Submitted to: Journal of Invertebrate Pathology
Publication Type: Peer Reviewed Journal
Publication Acceptance Date: 6/1/1997
Publication Date: N/A
Citation: N/A

Interpretive Summary: One of the important microbials used in the control of major crop pests such as the cotton bollworm, corn earworm, tomato fruitworm and tobacco budworm is a baculovirus that was isolated from the cotton bollworm. It is very important to know what insect cells and growth media are necessary for the optimum production of this baculovirus in the laboratory. This study shows that of three clonal lines from the cotton bollworm, one of them produced significantly higher concentrations of virus than the others. It was also demonstrated that the best growth medium was one that was supplemented with fetal bovine serum. A modified quantitative method was developed to measure the concentration of baculovirus produced. The information obtained in this study will be helpful in optimizing the production and quantitation of this baculovirus in the laboratory for use as a biological control agent.

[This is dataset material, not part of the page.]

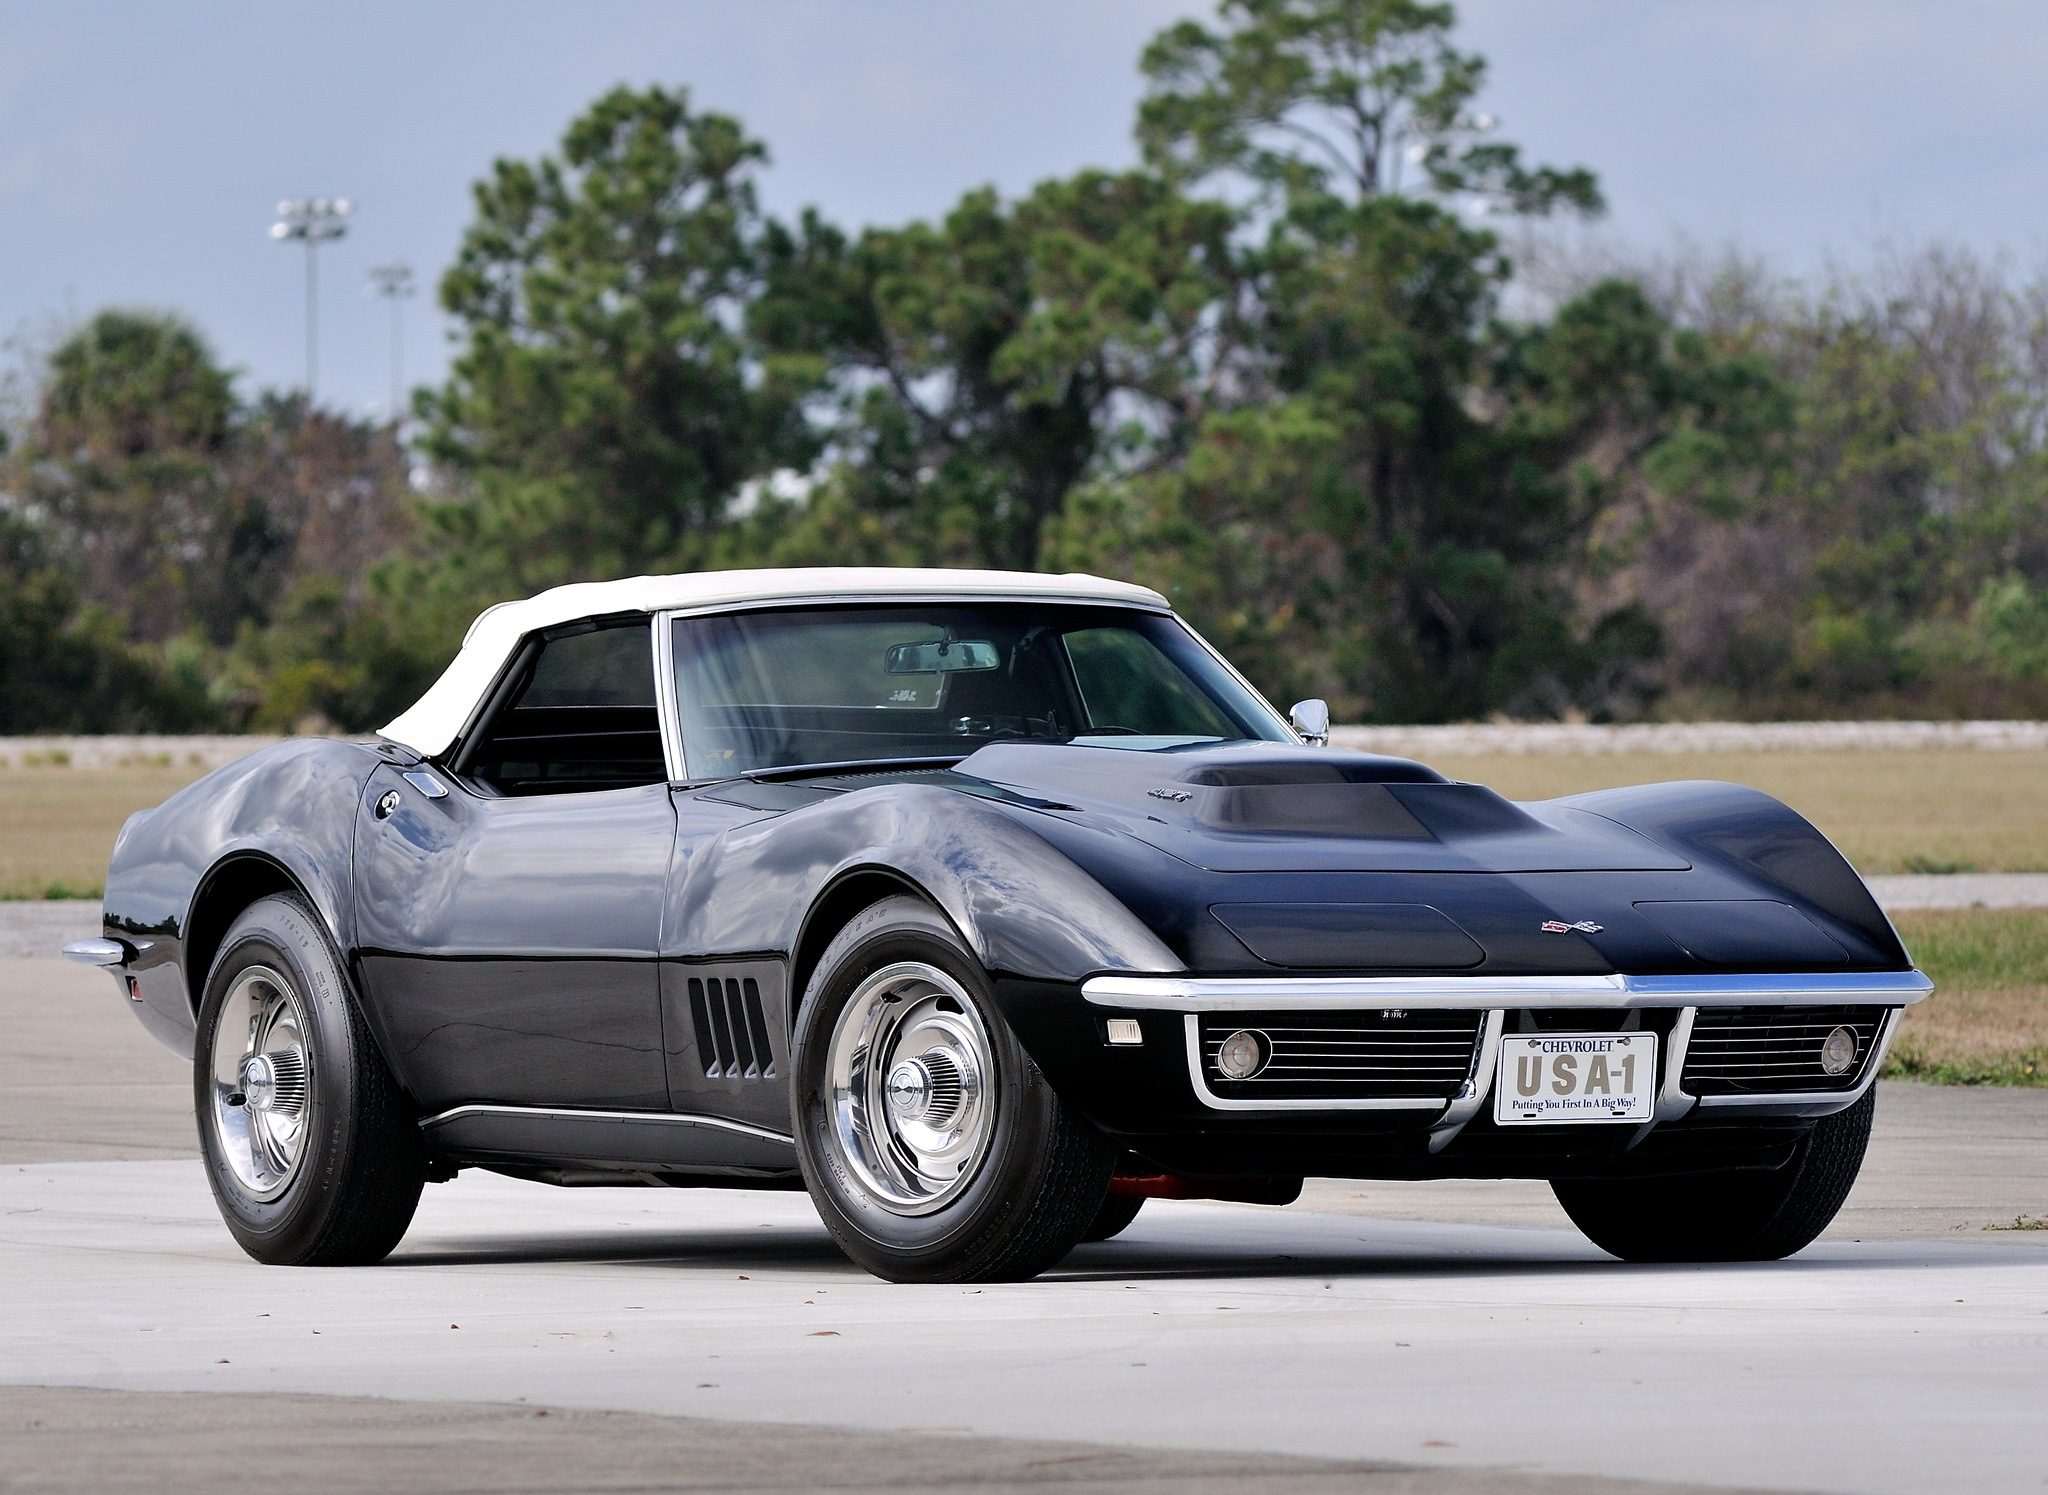 Corvette Of The Day: 1968 Chevrolet Corvette L88 427/430 HP

Technical Abstract: Helicoverpa zea clonal cell lines AM1-A7, AM1-A11, and AM1-B3 derived from the parental cell line BCIRL-Hz-AM1 were compared in serum-free and in serum containing growth media for their ability to produce the Helicoverpa zea nuclear polyhedrosis virus (HzSNPV) as well as for their plaque-forming capability. Extracellular virus (ECV) from HzSNPV can be quantitated by the end-point dilution method (TCID50) and the plaque assay method (PAM) utilizing monolayers of cells. In the present investigation a modified PAM was employed using an agarose overlay with a lower gelling temperature than is commonly used in the PAM for insect cell lines. The results of the present study show that the highest titer of 5.5 x 10**6 PFU/ml was produced by AM1-B3 in TC199-MK assayed on AM1-A11 in Excell**TM400. Furthermore the AM1-A 11 clonal line in serum -free medium proved to be the best plaque-forming cell line for quantitating ECV. In general the clonal lines in the serum containing medium TC199-MK produced equivalent or highe titers than in the serum-free medium Excell**TM400. The results of this study will be helpful in selecting the best clonal cell line for HzSNPV production and for quantitating ECV by PAM.